Data often is the lifeblood of a business. When a database is breached in one way or another, the results can be devastating—especially if the data falls into the hands of a competitor.

Many companies suffering this kind of loss turn to litigation. Perhaps in an effort to obtain federal court jurisdiction, they may assert claims under the Computer Fraud and Abuse Act (the CFAA), 18 U.S.C. §1030, which prohibits improperly accessing a protected computer. There is, however, a growing consensus in the U.S. Court of Appeals for the Second Circuit that recovery of certain forms of damages under the CFAA simply is not permitted—making it difficult to bring causes of action under the CFAA that are able to withstand motions to dismiss.

The CFAA

As Judge Shirley Werner Kornreich of the Supreme Court, New York County, discussed last month in Spec Simple v. Designer Pages Online, 2017 N.Y. Slip Op. 27159 (Sup. Ct. N.Y. Co.
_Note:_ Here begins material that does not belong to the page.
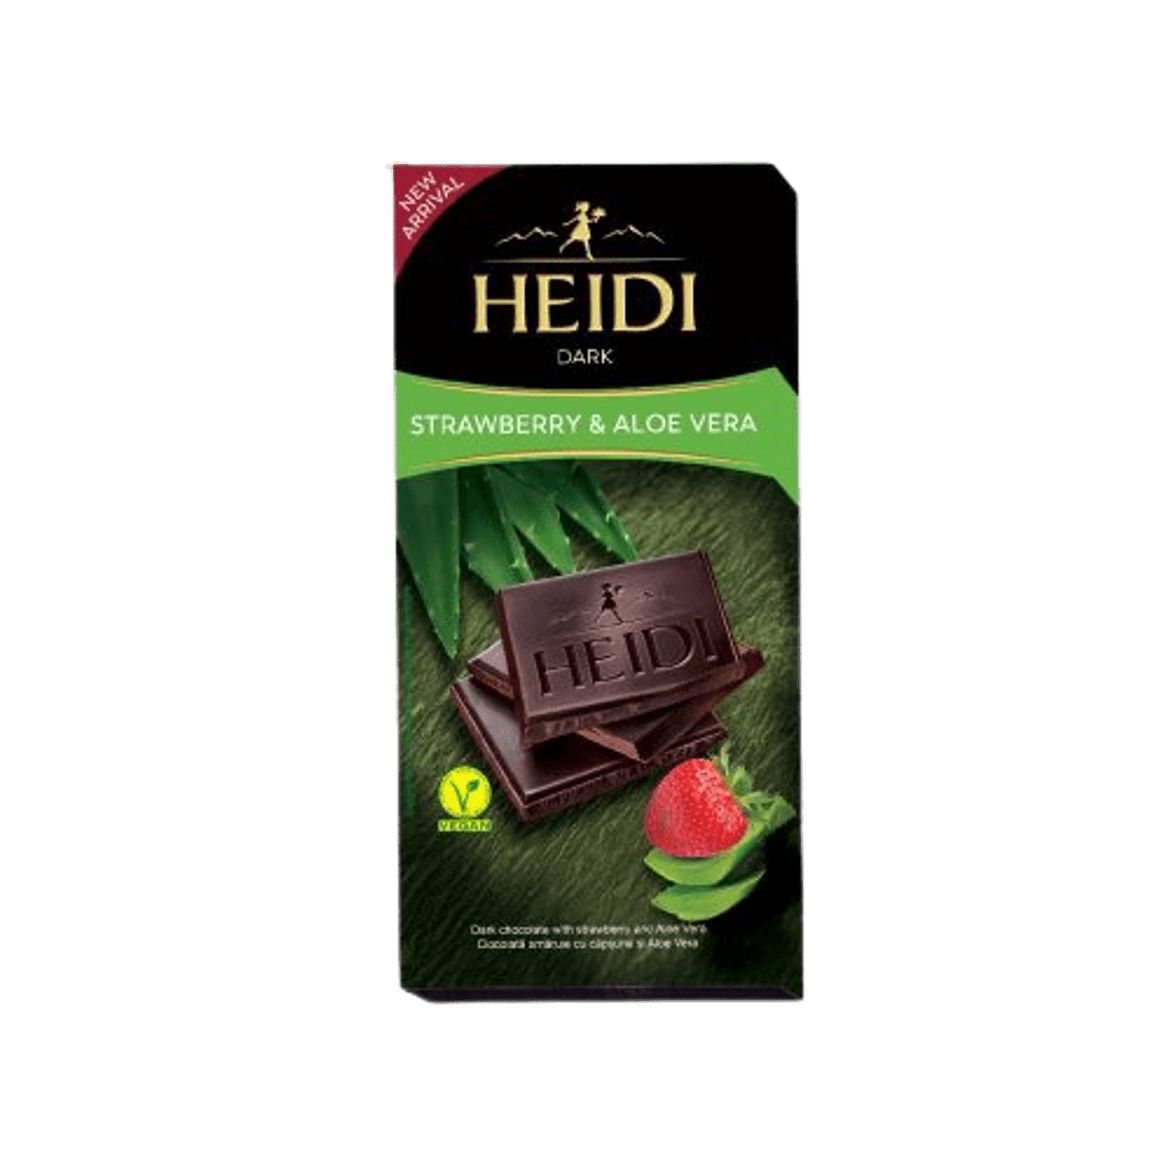 Heidi Strawberry & Aloe Vera étcsokoládé
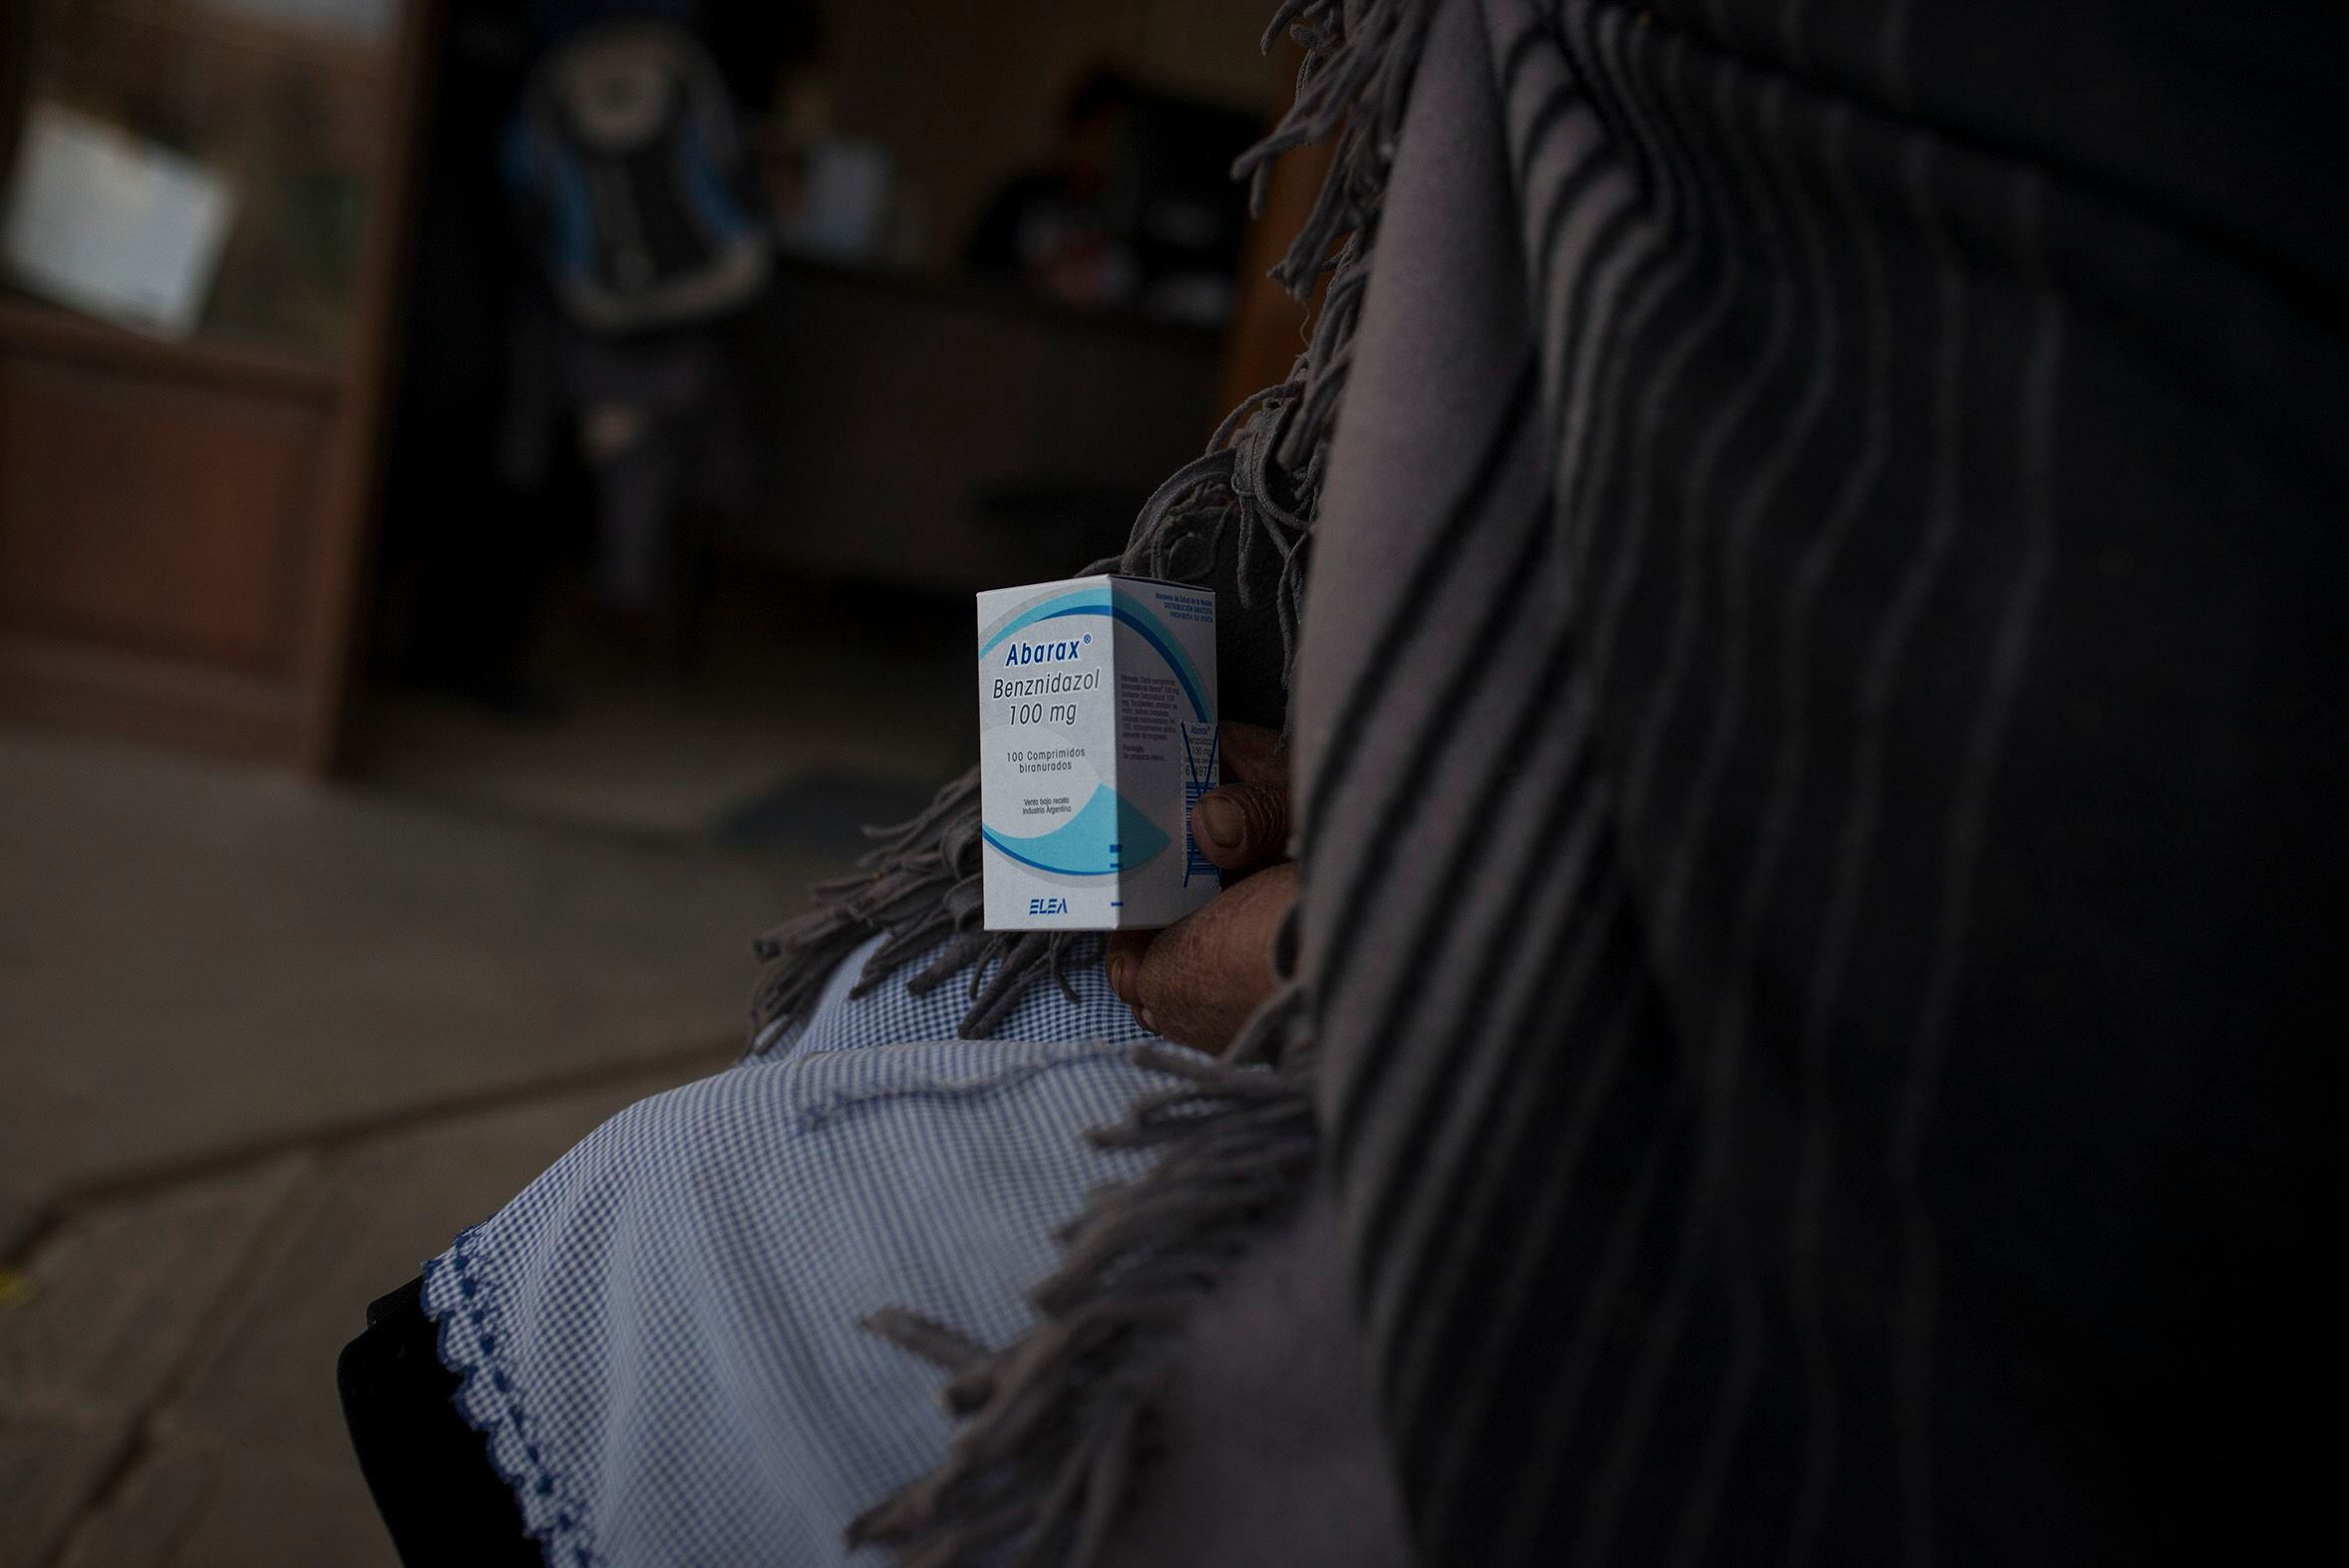 Una mujer sostiene una caja de Benznidazol, el medicamento que se emplea para tratar el chagas, tras una consulta médica en Cochabamba, Bolivia en 2016.

May 10, 2017), “[t]he CFAA criminalizes, inter alia, 'intentionally access[ing] a computer without authorization or exceed[ing] authorized access, and thereby obtain[ing] … information from any protected computer,' 18 U.S.C. §1030(a)(2)(c), and 'intentionally access[ing] a protected computer without authorization, and as a result of such conduct, caus[ing] damage and loss,' id. §1030(a)(5)(c).” In other words, the CFAA “provides two ways of committing the crime of improperly accessing a protected computer: (1) obtaining access without authorization; and (2) obtaining access with authorization but then using that access improperly.” The CFAA also provides a civil cause of action to “[a]ny person who suffers damage or loss by reason of a violation of this section.” Id. citing Sewell v. Bernardin, 795 F.3d 337, 340 (2d Cir. 2015), quoting §1030(g).